The director and director of the national drama center of Normandy Lucie Berelowitsch, at the initiative of a petition in solidarity with Ukrainian artists in the face of the Russian invasion, salutes the role of the cultural world in the resistance which is organized in the country.
Lucie Berelowitsch is a director and director of the Préau, the national drama center of Normandy-Vire, in Calvados. With Stanislas Nordey, she initiated a short petition signed by a large number of directors of stages in France who show their solidarity and their desire to welcome Ukrainian artists to France. Russian-speaking, she studied at the Moscow Conservatory and was preparing to start rehearsals in April for her next play, with a Ukrainian troupe, the Dakh Daughters.
What is the impact in Ukraine of such an approach?
With Stanislas Nordey, we wanted to act very quickly. The short text has been translated into Ukrainian and is circulating widely on social networks. From today it will have a relay in the Ukrainian press. The impact is essentially psychological and we can consider that this is not enough, that we should be able to protect the Ukrainian sky. Showing our solidarity, ensuring that we will be there to welcome them, finding accommodation for families is already very important. In the messages that I receive, I realize that the attention of all of Europe – and in the particular case of artists, our commitment today but also in the future – is in no way negligible in the context of a resistance which is organized extremely well.
Paradoxically, since the start of the war on Thursday, many Ukrainian men and women have given up on leaving their country… They even seem determined to stay. Is it a strong choice and a change of perspective, or because they can’t help it, it’s too late to hit the road?
What is happening before our eyes is impressive: we thought that Kiev was going to be attacked much more quickly.
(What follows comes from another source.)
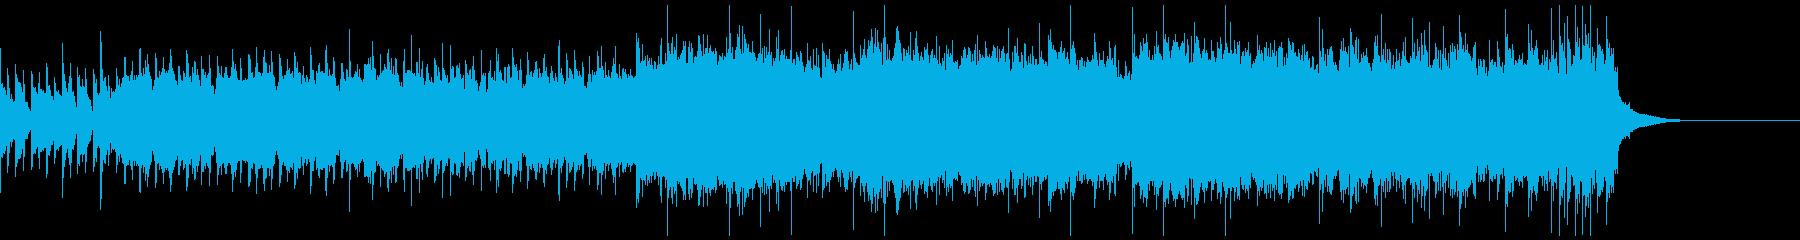 オープニング用ロックギターインストの再生済みの波形
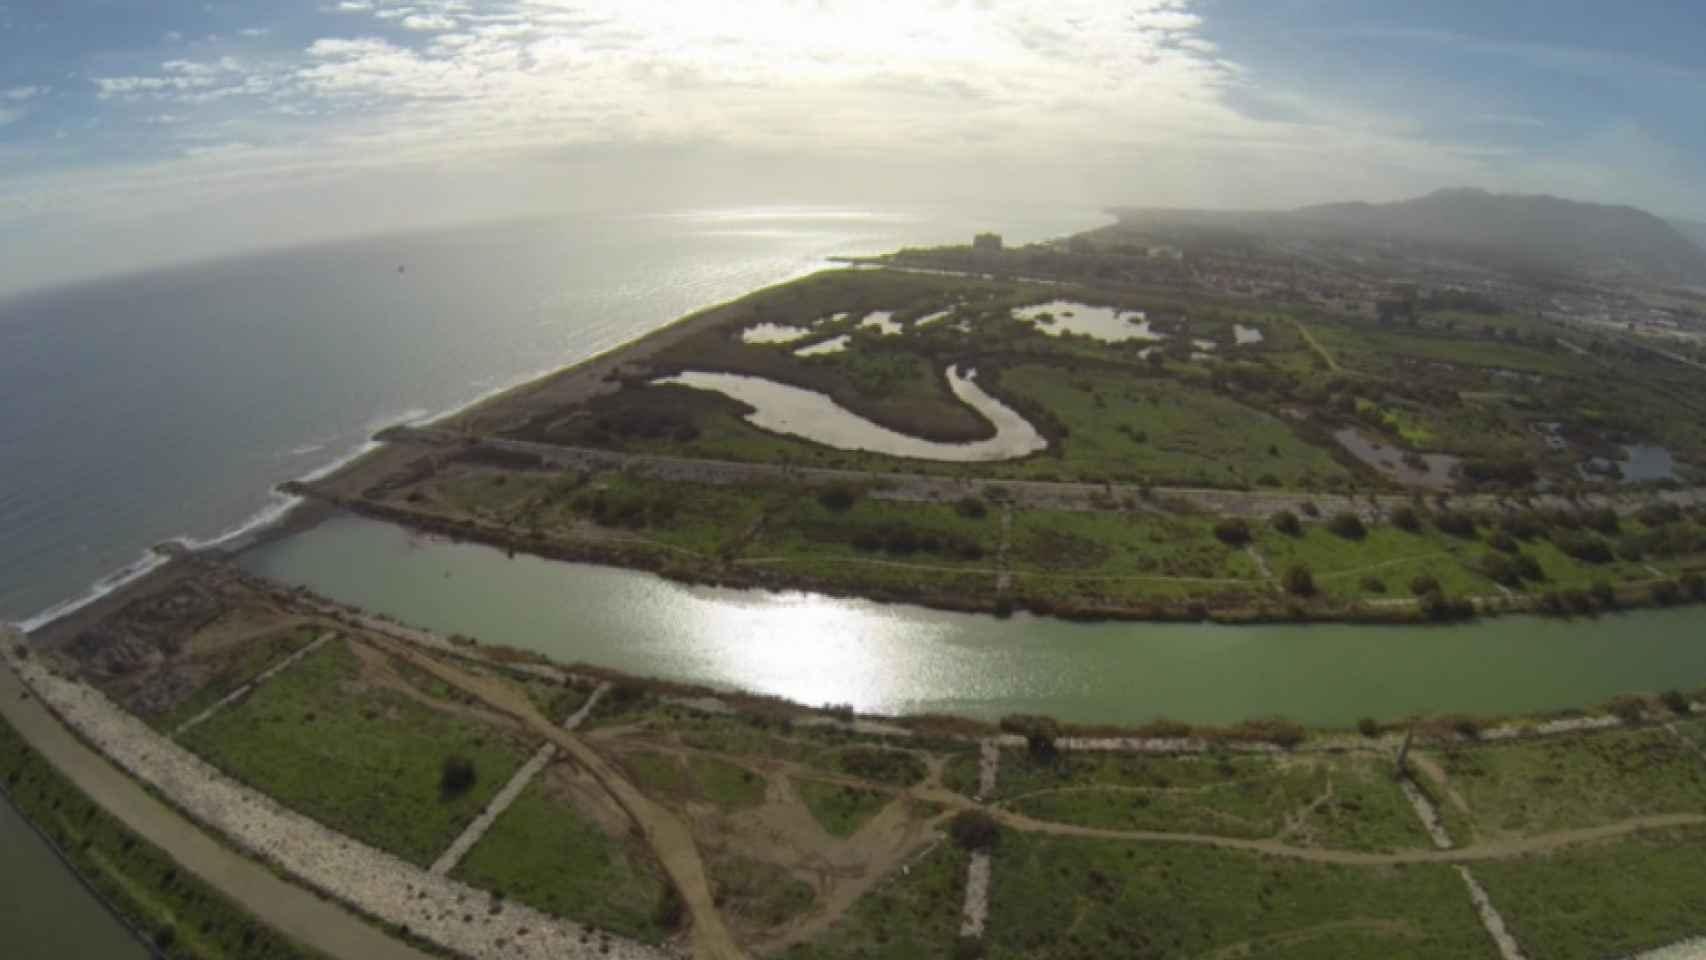 En el estuario del Guadalhorce existen evidencias de poblaciones fenicias

Many of my friends who thought they were on the road stay both because it no longer makes sense when the whole of Ukraine is bombed, but also because they have decided to resist and they say that their place is in the country. Some of them believe today that they can win this war despite the disproportion of forces.
My point of view is fragmentary but to date, I don’t know anyone who has arrived on the other side of Ukraine. The announcement by France and Germany to arm the Ukrainians has something to do with it. I am intimately very worried, but in the people I talk to, I feel a very great determination that it would be too quick to place under the sign of unconsciousness: they say that they have the right to be free and duty to fight for their country.
How to explain that the resistance was so efficiently and quickly organized?
The war started eight years ago. They had time to arm themselves psychologically. On the other hand, the Russians will not be able to hold on indefinitely if Kiev does not give up.
In this resistance, what role does the cultural world play in Ukraine?
In this war that Putin legitimizes by claiming that Ukraine is a fiction and never existed, artists are revitalizing Ukrainian culture, history and language. I am thinking in particular of the Dakh Theatre, one of the only independent troupes in Ukraine – that is to say which is not affiliated with an official theatre. Vlad Troitskyi, 57, created a theatrical venue from scratch in an apartment twenty-six years ago. We enter a hall, then a real theater that he built. From this Dakh Theater two very large music groups were born: the Dakh Daughters – six women currently all still in Ukraine – and the DakhaBrakha. Both are rooted in Ukrainian folklore, while opening it up and transforming it enormously.
Vlad Troitskyi also has his own troupe and he created the Gogol Fest, an independent festival with filmmakers, visual artists, musicians and actors, which takes place in several cities in Ukraine. All this artistic effervescence is fundamental in Ukraine, which has been rebuilding itself as a nation state since the end of the USSR and its independence, and culture has unfolded more freely since the Maidan revolution of 2014. There were two official languages until Ukrainian independence. Thanks to the meeting allowed me by Stéphane Ricordel of the Monfort theater, I was able to Antigone with the Dakh Daughters, and Ukrainian comedians, we had chosen that the official speeches of Créon be in Russian, but that the intimate language be Ukrainian. The difference between the two languages is analogous to that between Italian and French.
Elena Kovalskaya, who runs the Vsevolod Meyerhold State Theater in Moscow, has announced her resignation because she cannot “to work for a murderer and collect a salary from him”. Similarly, the Garage Museum – the equivalent of Beaubourg – in Moscow has just announced that it is suspending all activity in protest. Just like the Russian choreographer Alexeï Ratmansky who has decided to cancel his next creation. How is solidarity with the Russian artistic world, which shows its opposition, operated?
There are more and more artists, researchers, intellectuals who are mobilizing notably through a petition launched by Marina Davydova, director of the journal Theater, critic and festival organizer that we should relay. To tell you the truth, we do not yet know how to organize the support, but a very large number of cultural places in France are ready to organize the hospitality of their institutions and artists, first and foremost Ukrainians, but also Russians who would be clearly declared once morest the war and endangered.